Bantul, Gatra.com –Ikatan Dokter Indonesia (IDI) menyatakan upaya mendorong keberadaan para dokter dan tenaga kesehatan di daerah harus didukung database kebutuhan. Di sisi hulu, IDI menuntut negara menentukan standar pembiayaan dan kompetensi pendidikan kedokteran.
Ketua Umum Pengurus IDI, Moh. Adib Khumaidi, Jumat (17/5) di Bantul, Daerah Istimewa Yogyakarta, menyatakan, saat ini persoalan kebutuhan dokter tidak hanya di sisi produksi, melainkan juga di sistem distribusi.
“Dokter hanya mau mengisi di daerah-daerah kota, yang sebenarnya sudah banyak dokter.

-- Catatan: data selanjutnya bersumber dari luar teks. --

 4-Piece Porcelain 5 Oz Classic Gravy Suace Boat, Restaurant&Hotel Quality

Untuk mendorong pemerataan ke seluruh wilayah Indonesia, kami membutuhkan database kebutuhan dokter dan tenaga kesehatan dari pemerintah,” kata Adib.

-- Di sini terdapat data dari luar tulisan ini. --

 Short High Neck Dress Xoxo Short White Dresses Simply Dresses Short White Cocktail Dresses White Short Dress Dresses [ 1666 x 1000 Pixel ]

Untuk penyediaan database kebutuhan dokter dan tenaga kesehatan, IDI meminta negara untuk berkolaborasi dengan pemangku kepentingan di bidang kesehatan seperti rumah sakit, lembaga pendidikan, dan organisasi profesi.

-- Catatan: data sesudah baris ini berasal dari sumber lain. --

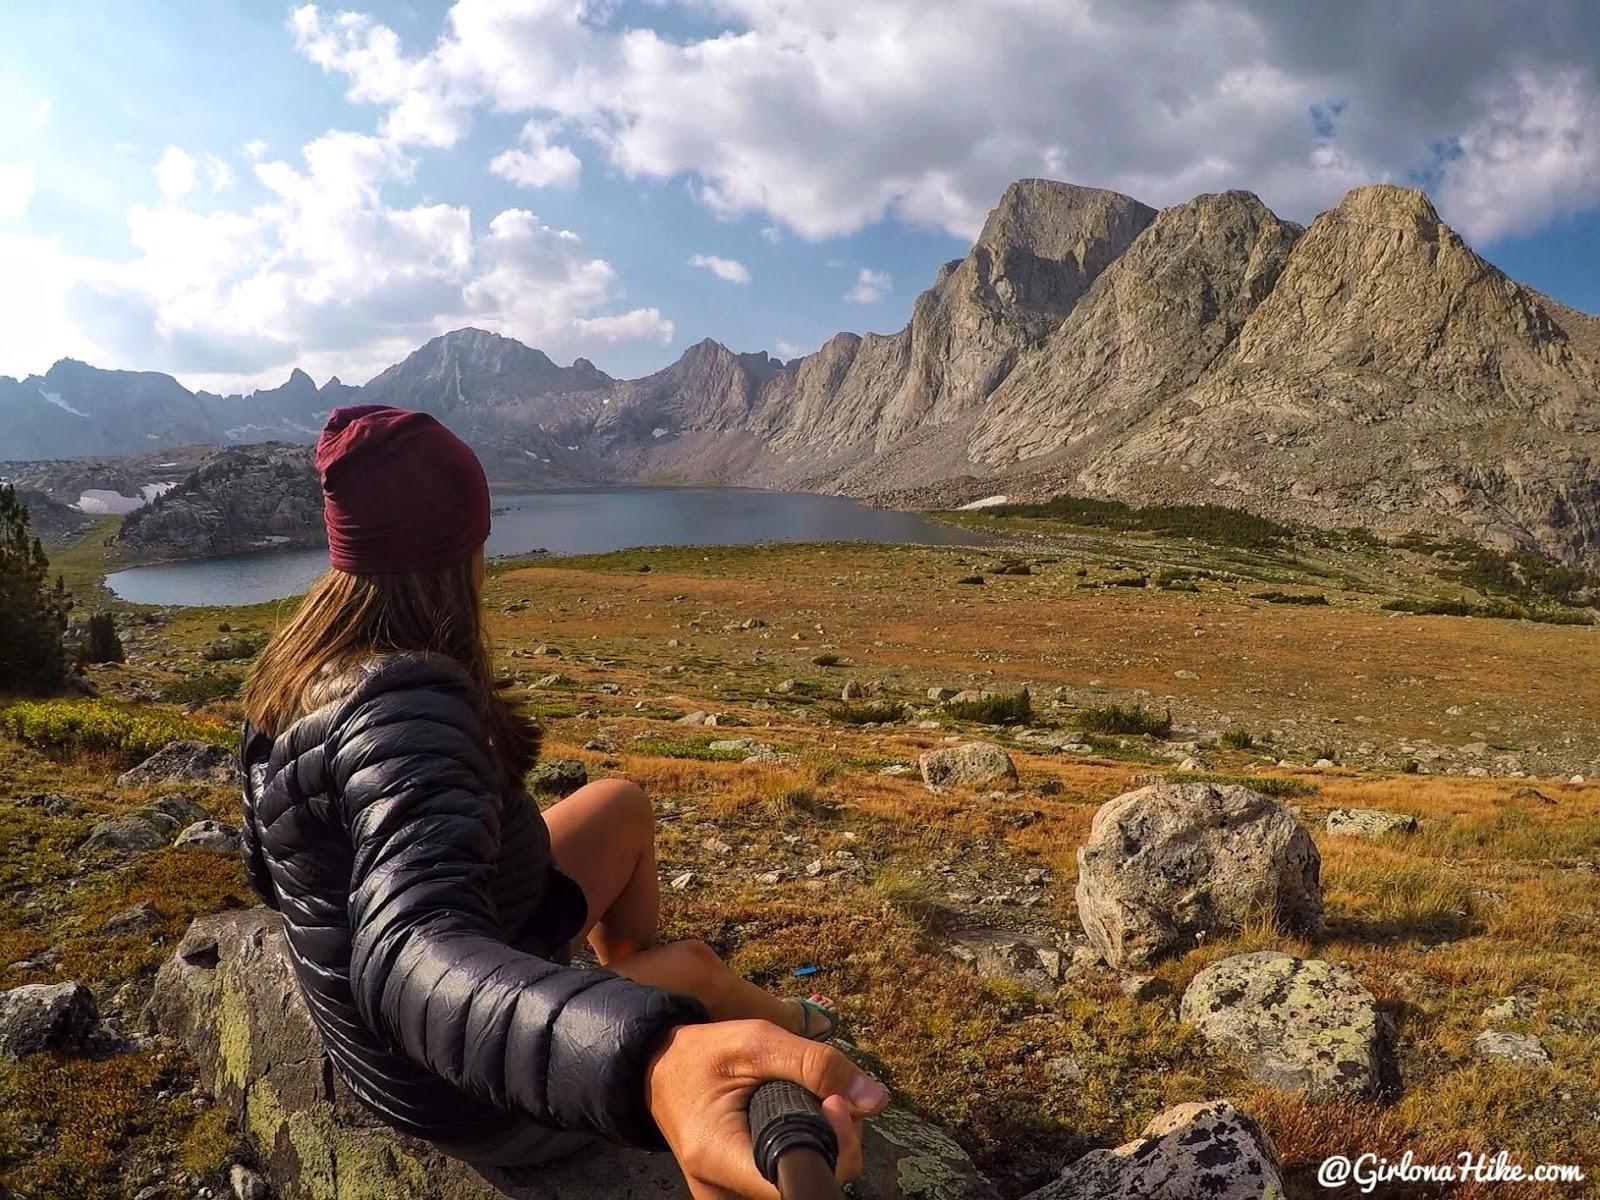 Backpacking to Mt. Hooker & Baptiste Lake, Wind River Range, Musembeah Peak

“Kolaborasi inilah yang nantinya akan menghasilkan dokter-dokter yang dibutuhkan dan bagaimana sistem pendistribusian pemerataannya,” jelas Adib.
Adib menyatakan, pihaknya juga melihat bahwa persoalan pemerataan dokter juga terkait dengan aspek hulu yaitu sistem produksinya. Menurutnya, konsep pendidikan kedokteran belum menyatukan standarisasi pendekatan berbasis universitas dan pendekatan berbasis rumah sakit.
Modifikasi atau memadukan standarisasi pendekatan berbasis universitas dan rumah sakit dinilai menjadi aspek penting dalam melahirkan profesi dokter yang memenuhi standar pendidikan dan kompetensi.
“Dua hal itu menjadi komponen utama. Jangan sampai nanti kemudian ada yang satu standarnya berbeda dengan yang lain,” lanjut Adib.
Melalui pendidikan yang memiliki standarisasi kebutuhan universitas dan rumah sakit ini, para dokter juga akan mengedepankan kepentingan dan kualitas kesehatan yang sama pula.
Adib juga menjelaskan ihwal peran pemerintah di Program Pendidikan Dokter Spesialis (PPDS) berbasis rumah sakit. Ia menyatakan pemerintah seharusnya memberikan insentif kepada pengajar sesuai UU Nomor 20 Tahun 2013 tentang Kesehatan karena pengajar telah bekerja dan memberi pelayanan.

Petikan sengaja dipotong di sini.